Coming from a background in Statistics and Applied Mathematics, Belinda Phipson completed her PhD in 2013 with Prof. Gordon Smyth and Prof. Peter Hall at The University of Melbourne and the Walter and Eliza Hall Institute of Medical Research. The focus of her PhD was on developing and improving empirical Bayes methods for analysing gene expression data. Her current research as a post doc in A/Prof. Alicia Oshlack’s group at the Murdoch Childrens Research Institute focuses on statistical methods for analysing RNA-Seq, single cell RNA-Seq and DNA methylation data.
Single cell RNA sequencing (scRNA-seq) has rapidly gained popularity for profiling transcriptomes of hundreds to thousands of single cells. This technology has led to the discovery of novel cell types and revealed insights into the development of complex tissues. However, many technical challenges need to be overcome during data generation. Due to minute amounts of starting material, samples undergo extensive amplification, increasing technical variability. A solution for mitigating amplification biases is to include Unique Molecular Identifiers (UMIs), which tag individual molecules, and permits removal of PCR duplicates when estimating transcript abundances.

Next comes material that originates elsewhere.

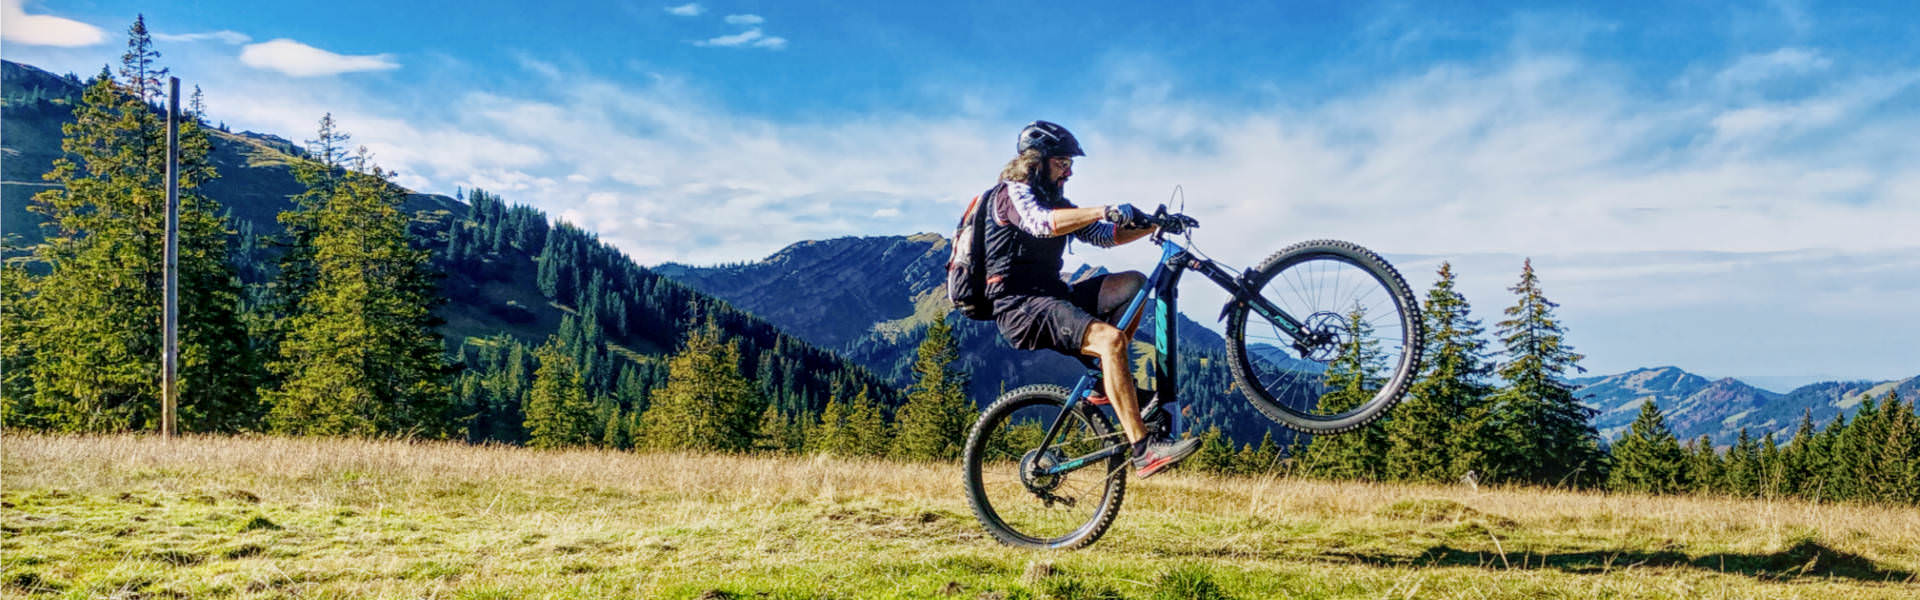 E-MTB Verleih im Allgäu und E-Mountainbike Verleih in Verbindung mit einem E-Mountainbike oder E-Bike Fahrtechnik Training

In this talk I will discuss the challenges of analysing single cell RNA-Seq data, including key differences between UMI and full-length single cell sequencing protocols, the abundance of genes with no signal in the data (zeroes) and batch effects. Practical advice on how to perform adequate cell and gene filtering will be covered. Finally, I will touch on normalisation methods currently available for single cell data, and how to simulate and evaluate analysis methods.
Presentation slides are not available from the speaker.